Like Sydney and Melbourne, Brisbane’s peri-urban fringes contain highly productive agricultural land suitable for intensive cropping and horticulture.

These regions historically produced much of the food consumed in the cities. But figuring out how much food they produce now – or where the produce ends up – is “near impossible”, Rose said.

“There’s different numbers floating around depending on who you talk to, but we don’t have that baseline,” she said.

Even if a baseline is determined, meeting the ambitious goal will be an uphill battle.

A 2016 report by Foodprint Melbourne estimated that the Melbourne food bowl had the capacity to produce 41% of the city’s total food needs. But that land is shrinking. By 2040, the report predicted, the fertile plains would produce just 18% of the city’s food needs as prime agricultural land is consumed by the construction of sprawling housing estates.

“It’s very concerning, there’s good reasons why we want to be growing food around cities in the future,” the report’s lead author, Dr Rachel Carey, said.

Sydney is faring even worse. Another study found the farmland remaining around the city is only capable of meeting 20% of the city’s overall food needs, with more losses expected if urban sprawl continues unabated. “Sydney is kind of where Melbourne could be heading if we don’t change our policies,” Carey said.

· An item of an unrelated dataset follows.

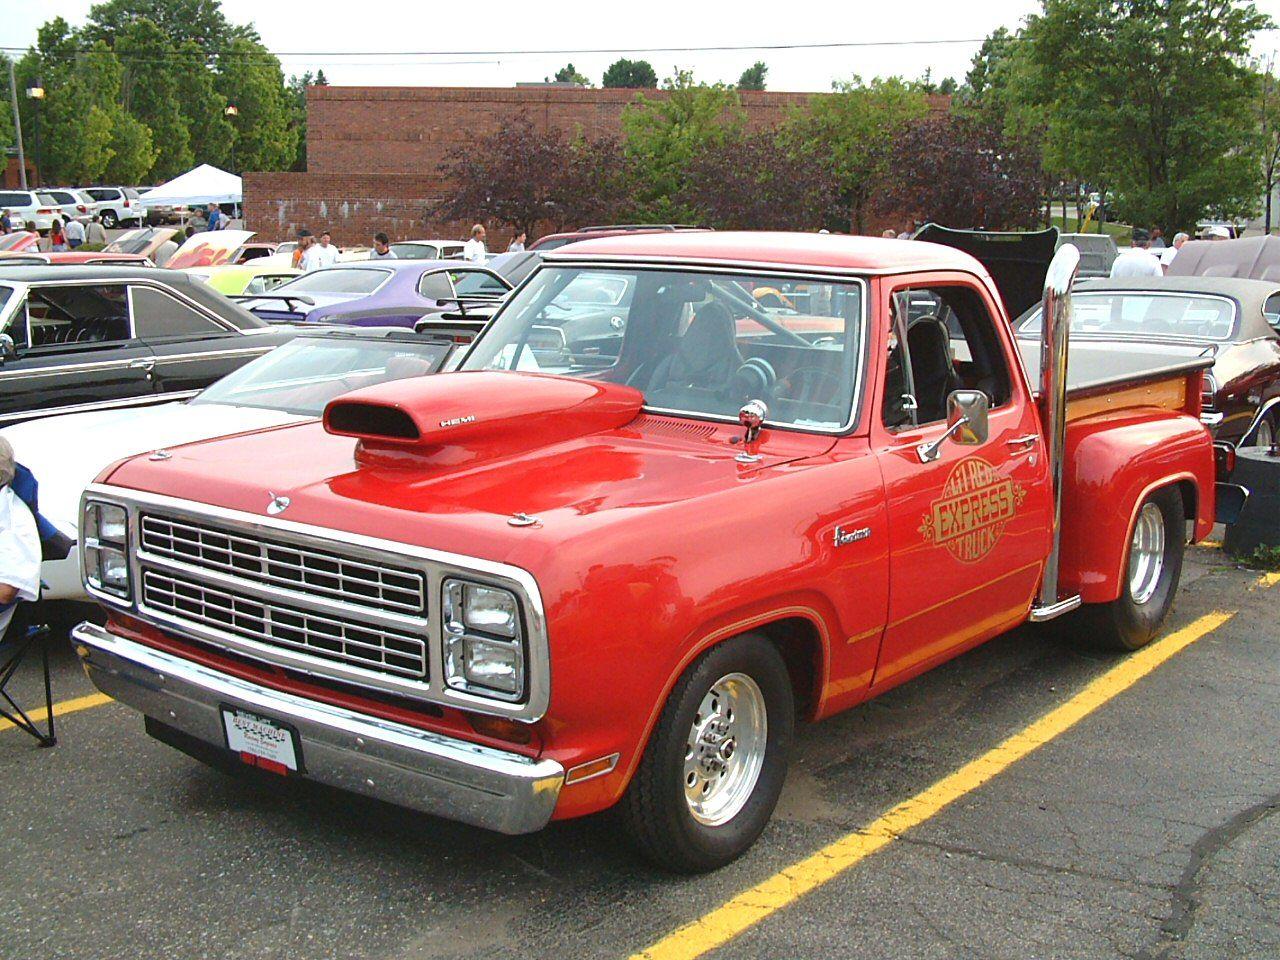 dodge lil red express 1978 dodge lil red express truck with 426 hemi frt qtr bennigan s car. Black Bedroom Furniture Sets. Home Design Ideas
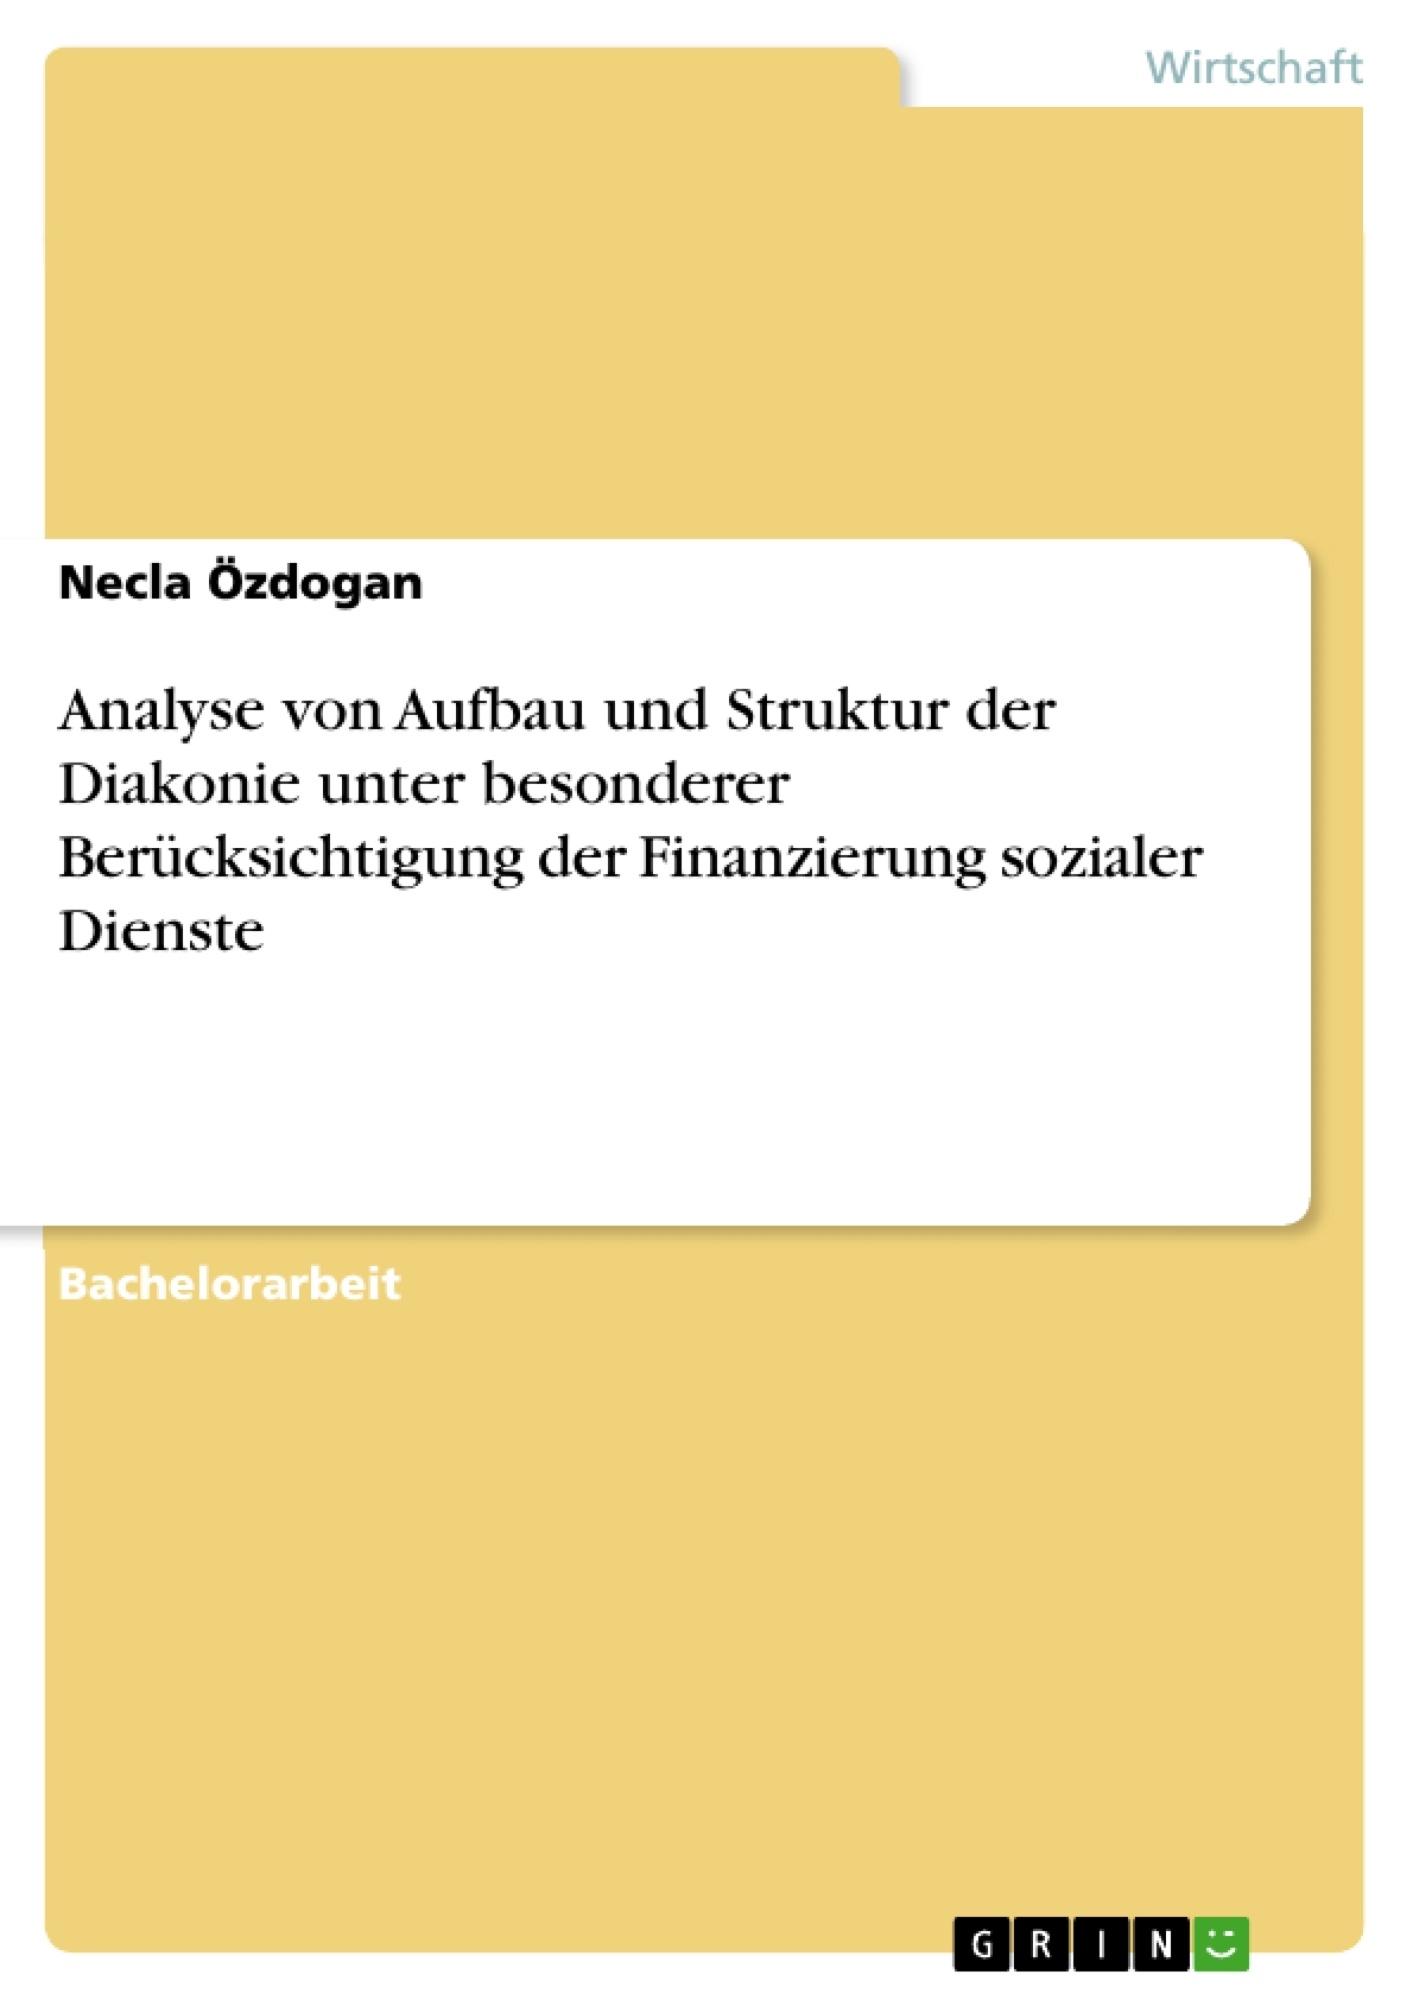 Titel: Analyse von Aufbau und Struktur der Diakonie unter besonderer Berücksichtigung der Finanzierung sozialer Dienste

Last year, a New South Wales inquiry into food production and supply found productive agricultural land in peri-urban areas was under increasing threat from development.

A federal inquiry had similar findings, recommending the protection of agricultural land from urban sprawl. It recommended the government ascertain the optimal location of food distribution centres and develop a national food supply chain map to better understand the journey of food from paddock to plate.

Associate Prof Andrea Gaynor, an environmental historian from the University of Western Australia, said that while there are benefits to locally-grown food, it can still be vulnerable to supply chain shocks.

“I think the idea of bringing agriculture closer to the city is about making it smaller scale, adaptive and community focused agriculture,” she said. “That gives children the chance to see how food can be grown, for urban wastes to be used, it can encourage circular economy type behaviours and reduce waste.”

Gaynor said colonial Australia had a long history of growing fruit and vegetable in or near cities, but after the second world war, those habits began to deteriorate as large-scale commercial horticulture operations were developed and cities expanded.

A report from a food supply inquiry in Victoria, focused on the impact of population growth on the state’s food supply, is due in November.